BEGA wants to cut OOG funding to boost ethics office resources

BEGA’s “proposed FY 2019 gross budget is $2,366,172, which represents a 1.6 percent increase over its FY 2018 approved gross budget of $2,328,719.” FY 2019 Proposed Budget and Financial Plan, A-252. The budget narrative explains,

Agency Request – Increase: … In Special Purpose Revenue funds, the budget proposal includes an increase of $88,394 and 1.0 Full-Time position that was shifted from the Local funds budget to support the agency’s lobbying activities….

Agency Request – Decrease: … Another net reduction of $66,374, primarily in the Office of Open Government program, consists of an offsetting increase of $25,655 for salary step increases and a reduction of $92,029 and 1.0 FTE being shifted to the Special Purpose Revenue funding source. In Special Purpose Revenue funds, the budget proposal reflects a decrease of $88,394 in nonpersonal services within the Board of Ethics program for Other Services and Charges. This decrease enables the agency to support an additional position within the personal services budget.

Id. at A-253. BEGA wants you to believe it merely is shifting one FTE from the OOG to the OGE.

  The accompanying budget tables tell you the OOG has four FTEs in FY 2018 and the OGE has 12.5 FTEs. Id. Table AG0-4, A-251. What the narrative does not tell you is that the proposed $88,000 cut in the OOG budget is a real funding cut, not a transfer of one FTE, because the OOG has never had more than three FTEs — the director, an attorney advisor and an IT specialist.

  BEGA is following a pattern begun in 2014, proposing cuts in the OOG’s funding to grow the OGE, but this is the biggest cut yet.

The Council should fully fund the OOG and create the Open Office of Open Government Board 

  Last year, Ms.
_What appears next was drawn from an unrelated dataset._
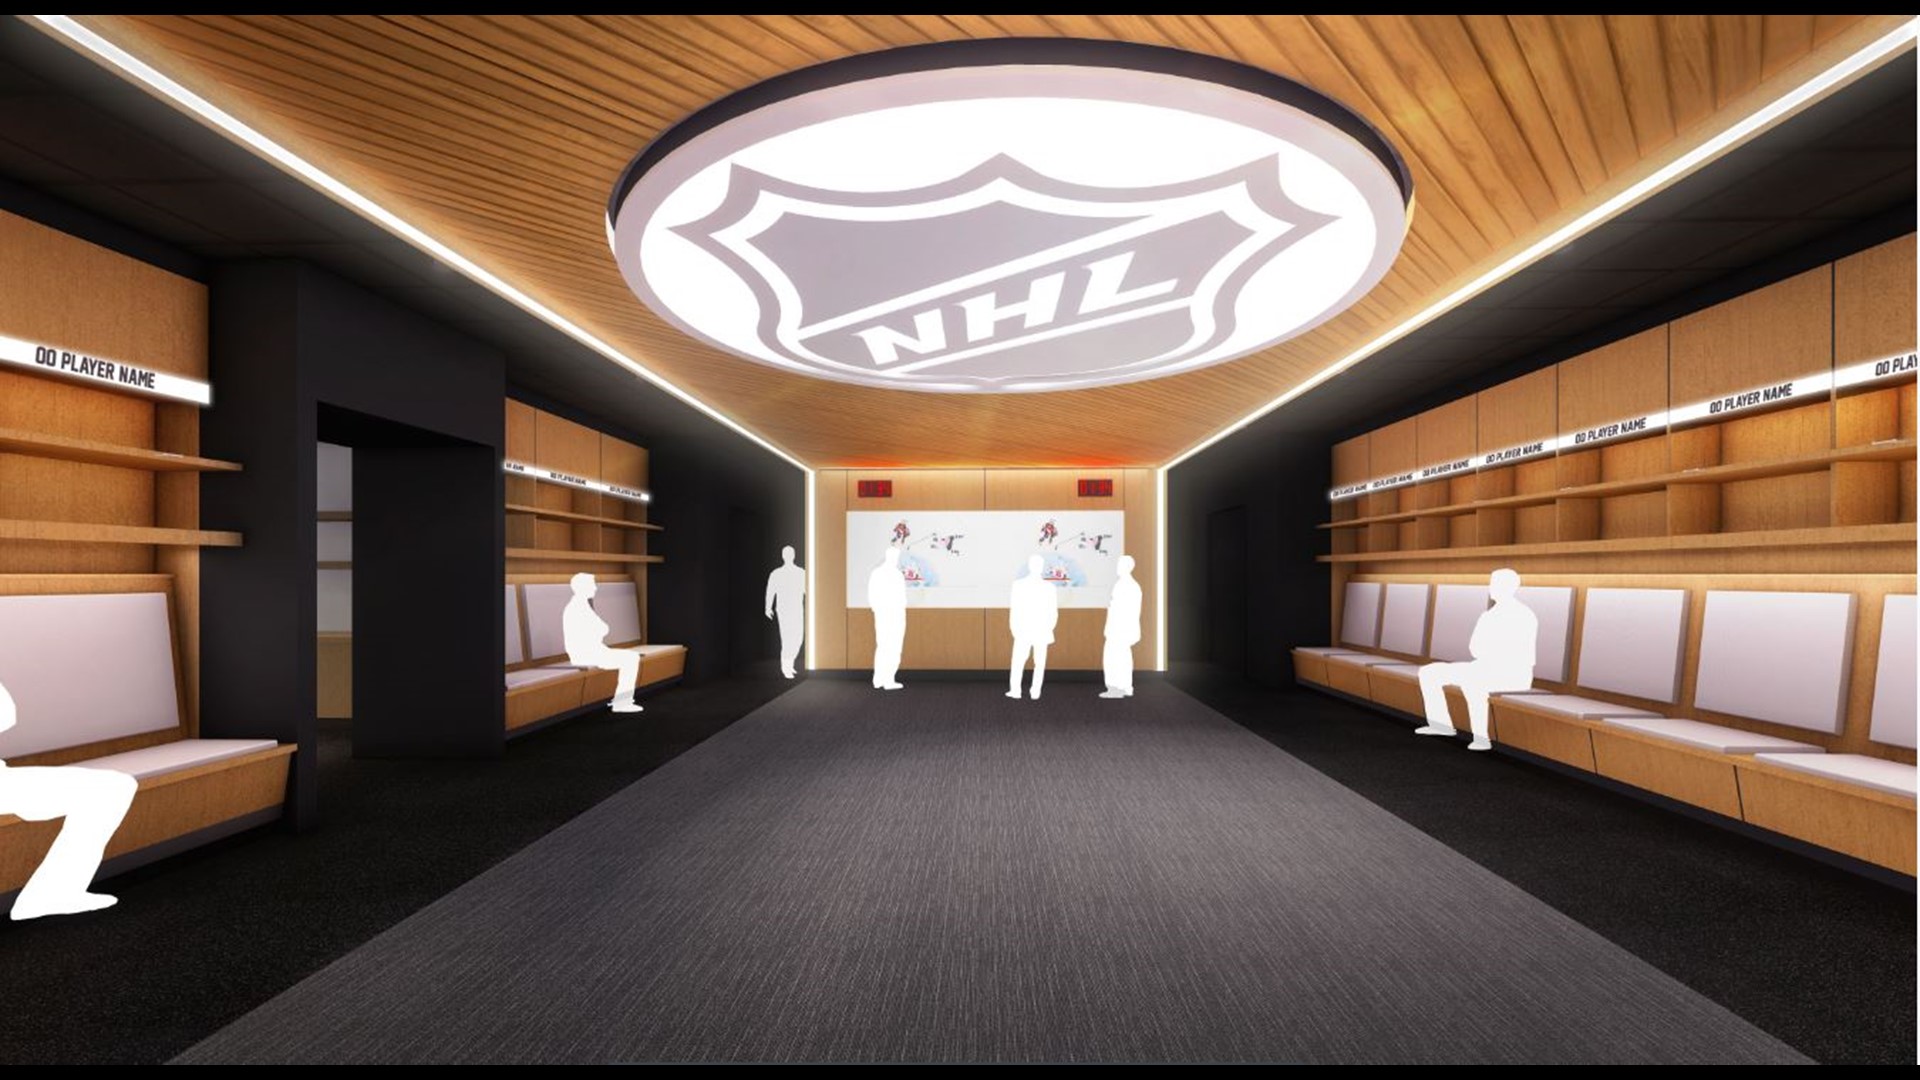 Generator Studios released a video of what the renovations at Northgate Mall will look like after NHL Seattle’s new training facility and headquarters is completed.

Hughes proposed a Budget Support Act amendment that would reinforce the Office’s independence by creating a three-member board specifically focused on government transparency. That board would oversee the OOG as BEGA oversees the OGE. It would select the OOG director, evaluate the director’s performance,[2] and hear appeals from OOG decisions under the FOI Act and OMA.

  This amendment would be a major improvement. One important reason is that OOGB members would have extensive transparency experience. In addition, the amendment would codify current practice by requiring that the OOG director be a lawyer.

  We urge the Council to amend the Budget Support Act to incorporate these changes; and to appropriate funds in addition to the $553,000 allocated in FY 2018 for office space, an administrative staff member, and stipends for OOGB members.

  We look forward to working with you through the budget cycle. We ask the Committee as well to schedule a hearing after the budget is completed on the Strengthening Government Transparency Amendment Act of 2017, Bill 22-788.

  Thank you.



[1] In apparent contravention of D.C. Code § 2-594(b), BEGA has informed Ms. Hughes that it will appoint an interim director to replace her on April 23 if it has not yet appointed a new permanent OOG director. The statute says, “[t]he Director may be reappointed and, if not reappointed, the Director shall serve until his successor has been confirmed.” (emphasis added).

 

[2] Although BEGA is charged with hiring the OOG director, it currently does not have line supervision over the person in that position. For purposes of performance evaluation and recommendation for advancement, Ms. Hughes is under the Executive Office of the Mayor.